Neha Bhatt catches Volvo's Paul de Voijs getting emotional about his first photo with a dinky in the crib, his kids' birth and the first time they said "Volvo"...
Traffic doesn’t bother Paul de Voijs, managing director, Volvo Car India, but that is not particularly surprising. Voijs is someone who didn’t want to pick a home too close to his office in Gurgaon, for he “needs to be in traffic”. While he critically observes the wheels on the road, each time he is out on one, his company has recommended that he doesn’t drive himself. “But I love to drive,” he laughs, “so on weekends, I take my sedan S80 for a spin.”
Having lived away from his country for much of his life, he feels more at home in France, Belgium, Australia but now also in India, where he opened the business for Volvo cars two years ago.
Did he always want to work with cars? “I remember my first picture being one lying in a crib with a dinky. My parents still say when I was four-years-old, I would look outside the window and name car brands. Later, I thought of being a dentist or a cop though, eventually, I studied to be a teacher of linguistics,” he says. But de Voijs realised, soon after, that teaching “was not my cup of tea”.
No, his students didn’t drive him away, but he felt a great sense of disillusionment. “Coaches would blame problems at schools on parents, books or on the children. But they would never admit that it could be because of themselves. I didn’t want to be part of that system. I figured, you need a different kind of motivation to be a teacher,” he says ruefully. In the end, his old love for cars prevailed and here we are.

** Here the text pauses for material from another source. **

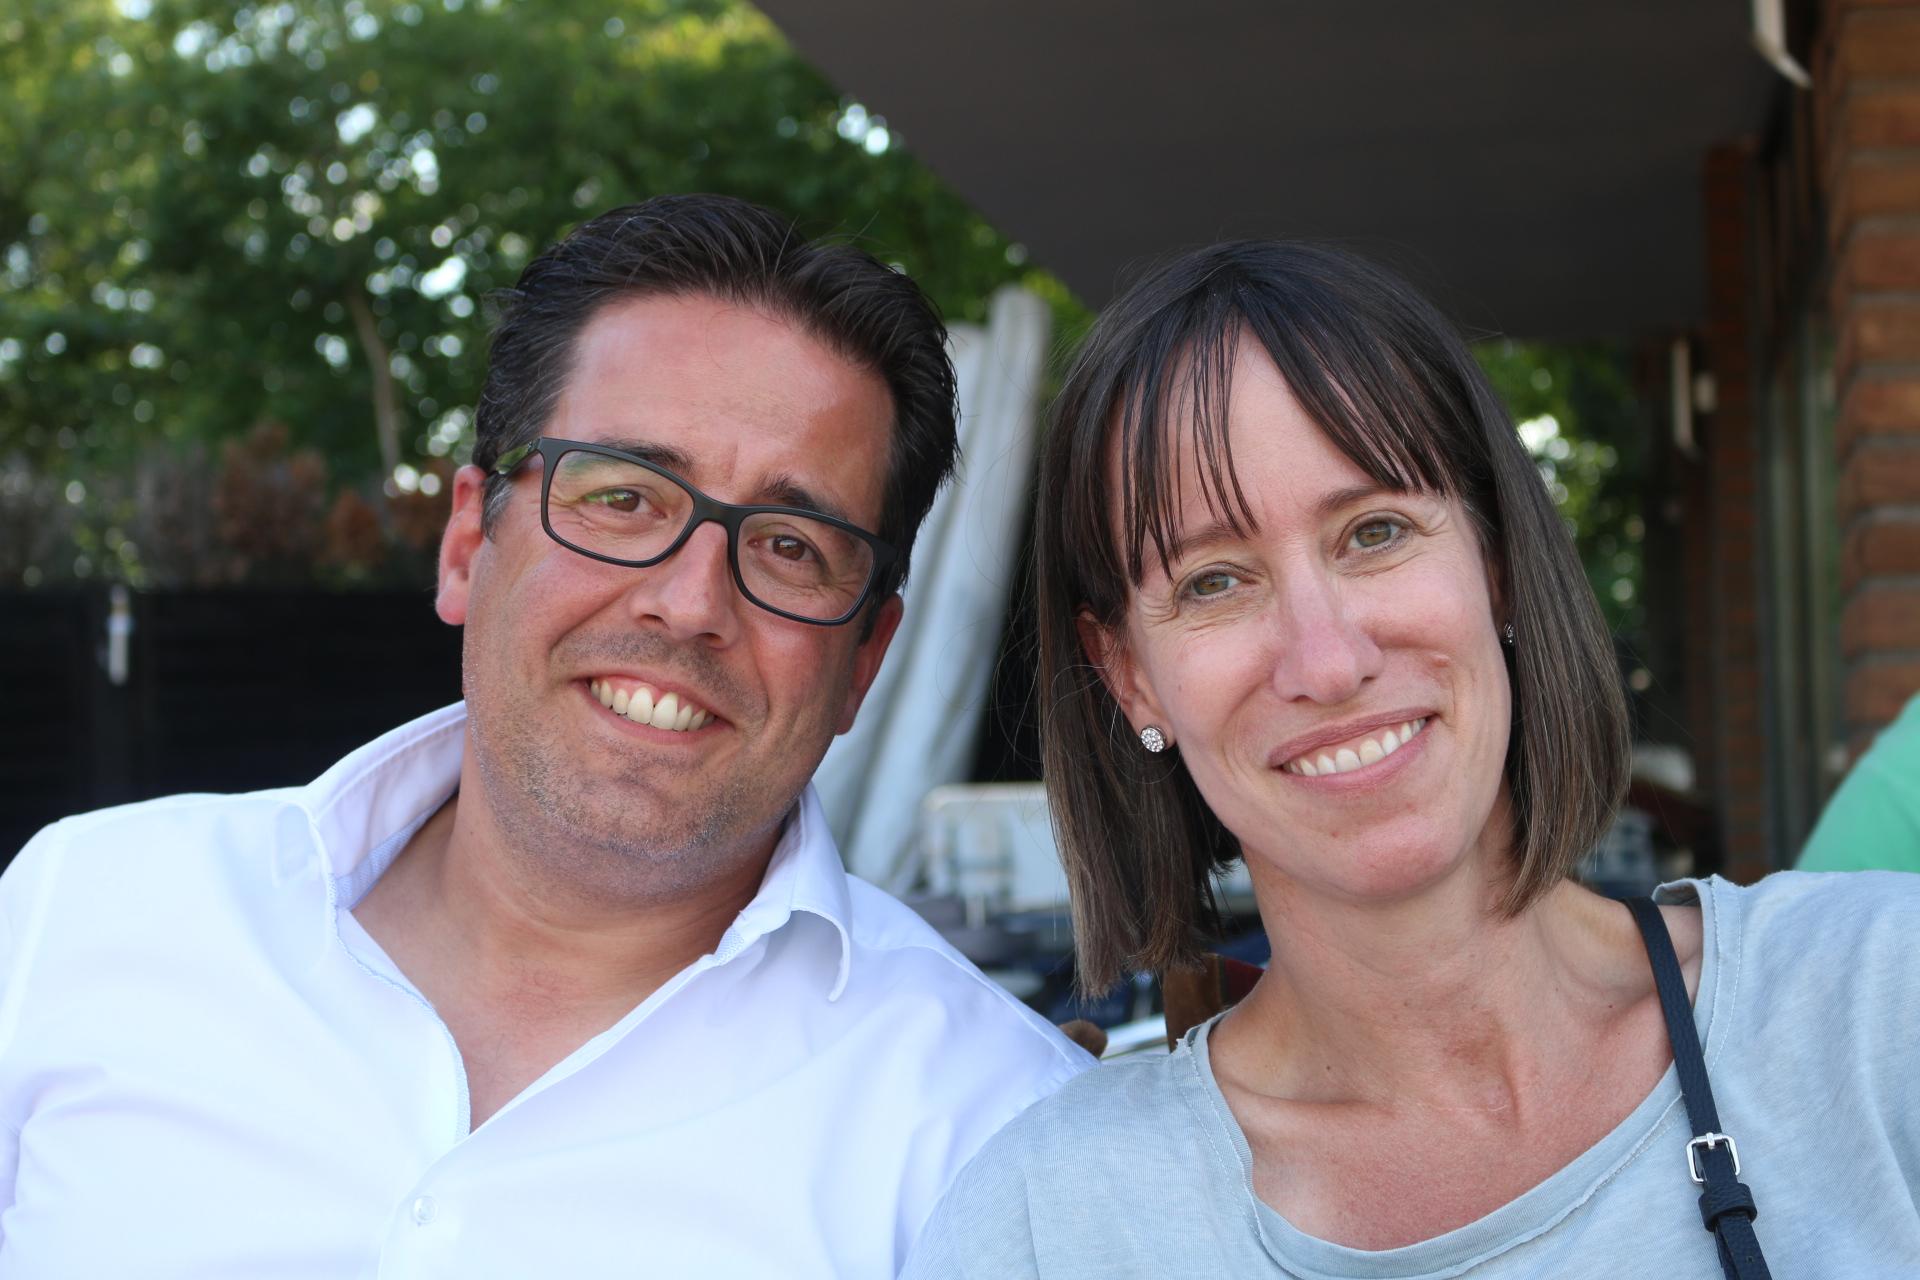 Andrea Kothe-Heugel & Philipp Heugel
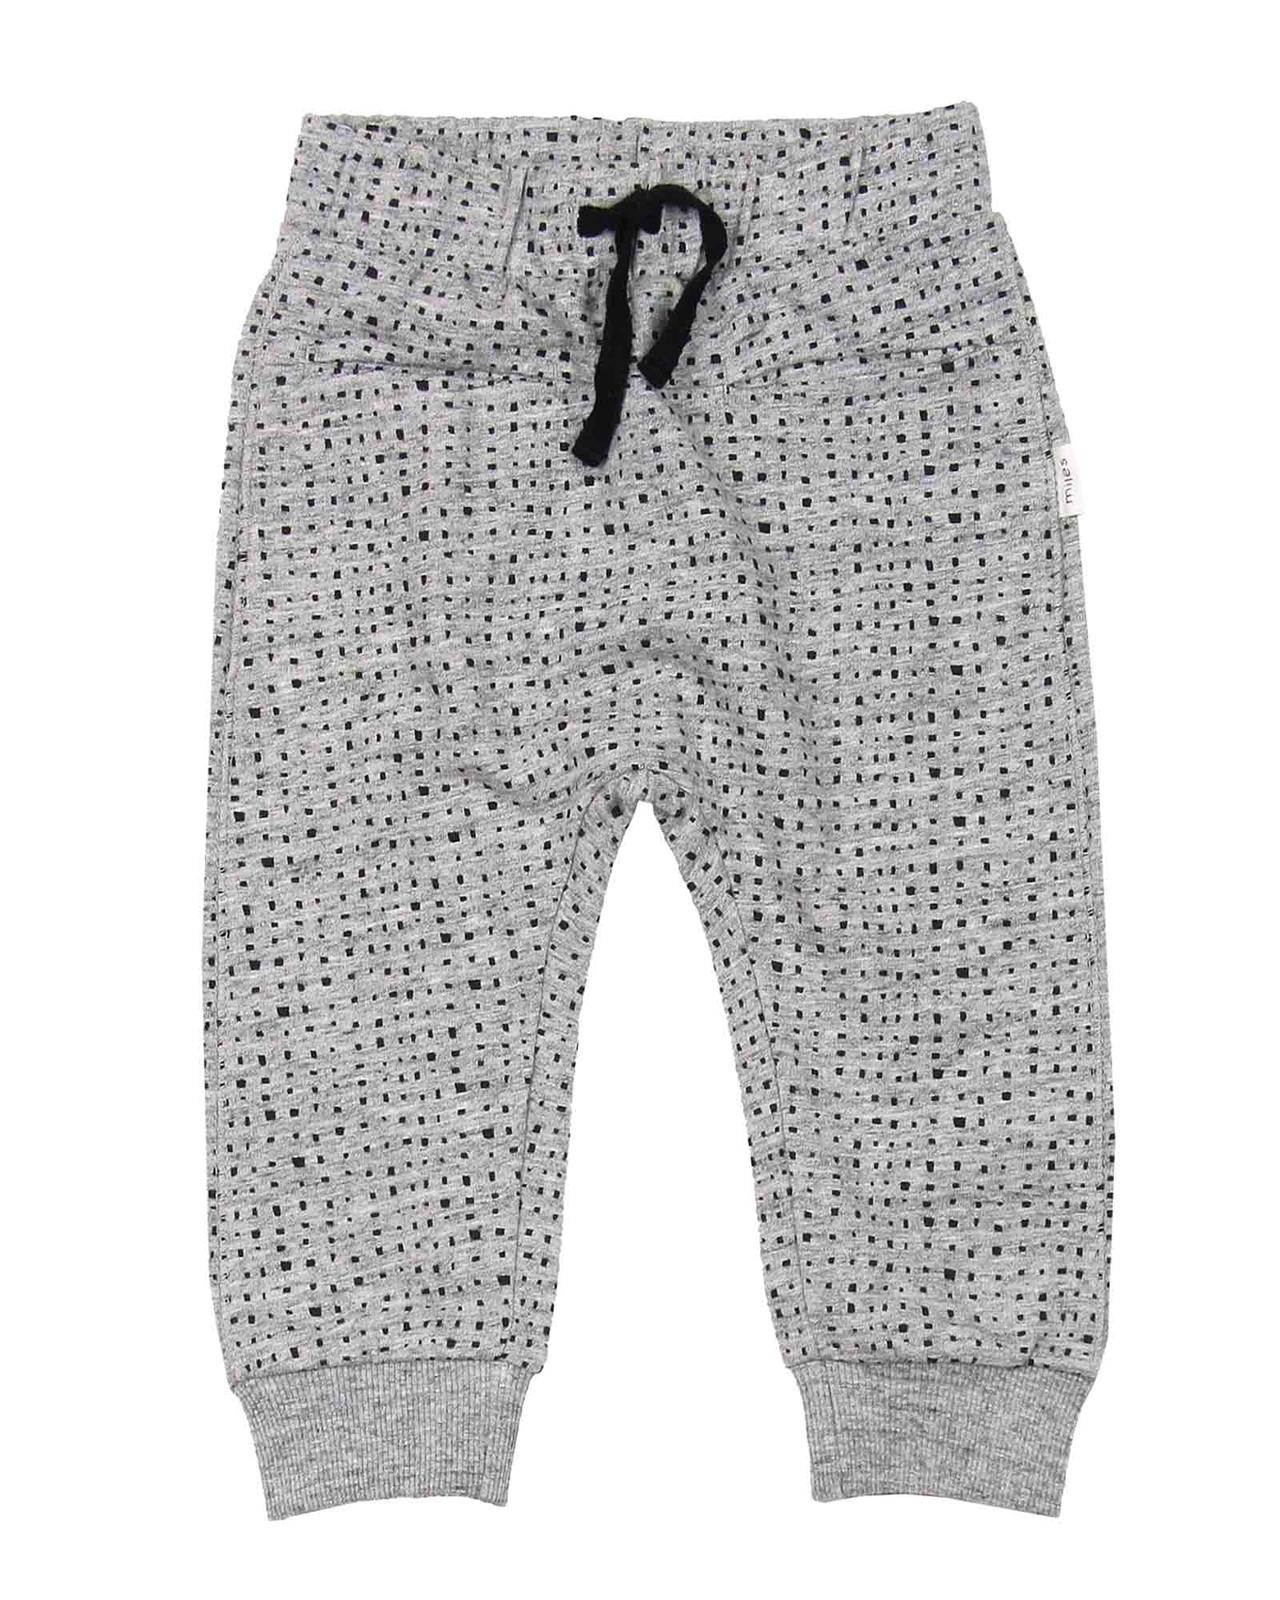 5b8b65bb Miles Baby Boys Sweatpants in Blocks Print - Miles Baby Spring ...

It goes without saying, that “I’ve always loved Volvos for some reason or the other,” says de Voijs. Nevertheless, he adds, “I miss my Volkswagen Beetle, one of my first cars. It never let me down.” On his list of “cars with a soul” are the Volkswagen 240, the Beetle and Aston Martins. “In Bond films, it’s painful to see cars like the Rolls Royce Silver Shadow and Aston Martin go down that way,” he chuckles. Where there are mean machines, there is adventure, and that is something that symbolises India for him. “It’s been an adventure here, and I would do it again anytime.”
His tall frame is comfortably composed; his articulate answers peppered with brief smiles, a short laugh here and there, as he is, he admits, a great fan of Brit humour. After close to two years in the capital, de Voijs says there is much left to explore — workwise and otherwise. He loves rainy days, as he does the Indian summer, and his evenings are often spent on the terrace of his home in Chattarpur, where he lives with his daughter, looking down at the lovely garden, (though gardening is not his thing) a glass of whisky and a book by the side, a cigar between his fingers.
Of the days gone by, he wistfully speaks of his life marked by none other than cars: his first car (a gift from his grandfather), the first car he damaged at age 6 (when he threw pebbles at his father’s car window), his first crash. “Call me emotional but one of the most important moments for me was also when my first child was born. Then you think you will have to share your love with your other children and you discover additional portions of love for each child. The first time they said papa, the first time they said Volvo, the first time they graduated.”
There is his love for his family and there is his love for cars and it wouldn’t be easy to gain the measure of either.